Nach 1945 kam es den Sozialdemokraten sehr entgegen, nun unter ausländischen Herrn, für dieselben den „Nutzen des deutschen Volkes“ zu mehren. Etwas für das eigene Volk oder gar zu dessen Wohle zu tun, kam ihnen nicht in den Sinn.

Willy Brandt, auch so ein Sozialdemokrat, der noch nicht einmal seinen richtigen Namen für die Politik, welche er betrieb, zur Verfügung stellte, erfand den Schuldkomplex, mit dem man die Deutschen bis ans Ende aller Tage oder bis das Ziel der Sozialdemokratie, die Auslöschung des deutschen Nationalstaates erfüllt, unter dem Vorwand der Widergutmachung ausbeuten kann.

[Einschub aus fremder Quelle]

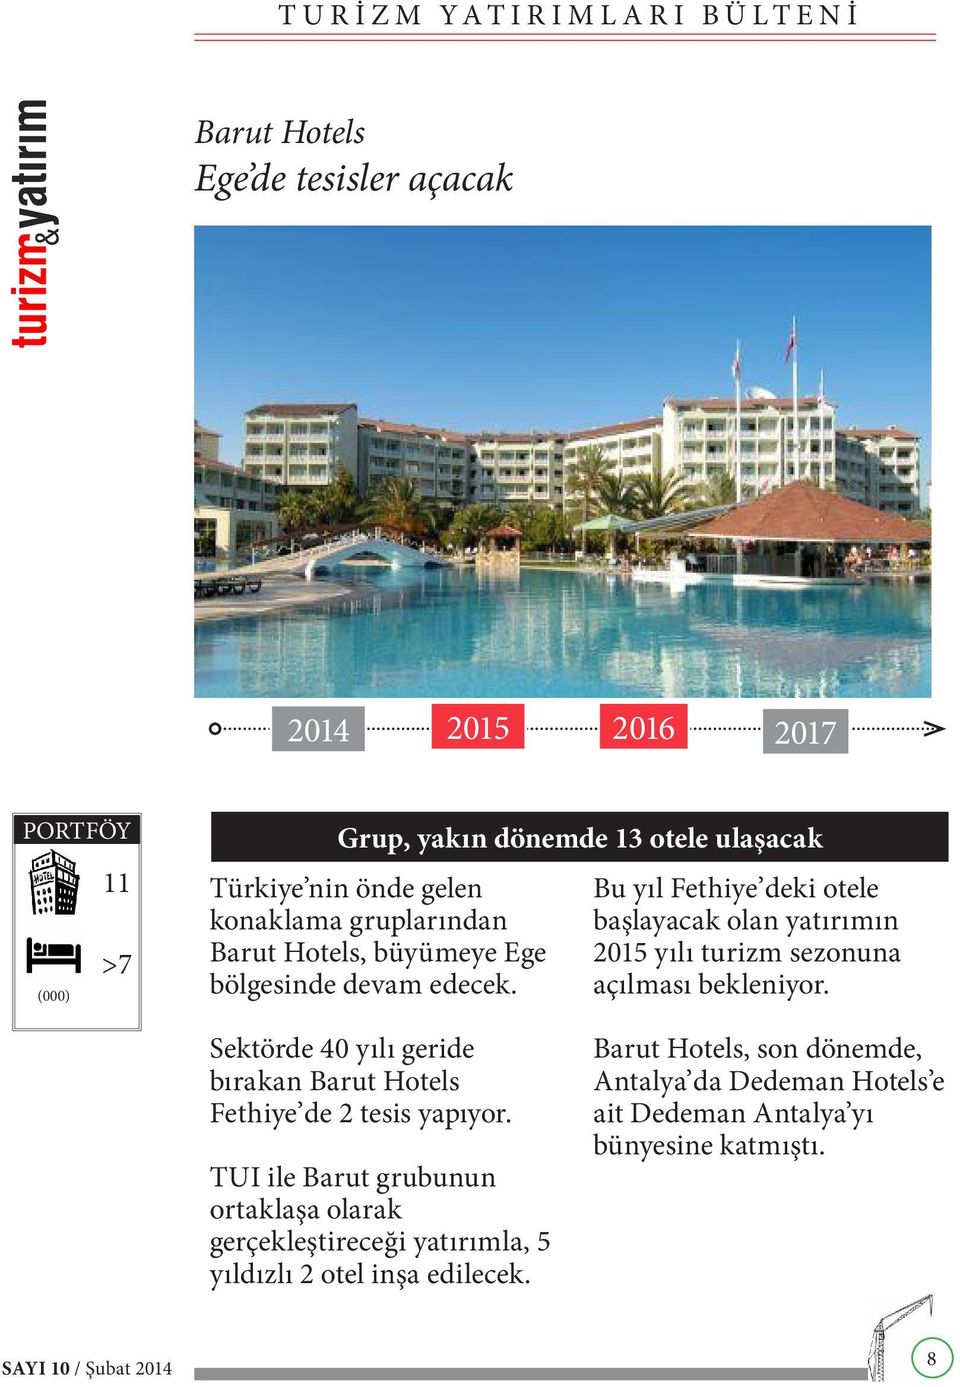 Bu yıl Fethiye deki otele başlayacak olan yatırımın 2015 yılı turizm sezonuna açılması bekleniyor.

Als er in Warschau auf allen Vieren kroch, was müssen da die Szypulas, Geborskis und Morels gelacht haben!

Die sogenannte ewige Wiedergutmachung mit der den Deutschen aufgezwungenen „Erinnerungskultur“ ward nun das perfekte Mittel, deutsche Steuergelder in ungeahnte Höhe in die europäischen Staaten zu pumpen und so den Nutzen des deutschen Volkes für die Eurokraten zu mehren.

Zugleich war es hemmungsloser Vorwand, um Millionen von Ausländern in Deutschland dauerhaft anzusiedeln, und sich so die Bevölkerung zu schaffen, der man seit dem Jahre 2000 vorgeblich dient.

Dies war der letzte, endgültige Verrat der Sozialdemokratie am deutschen Volk!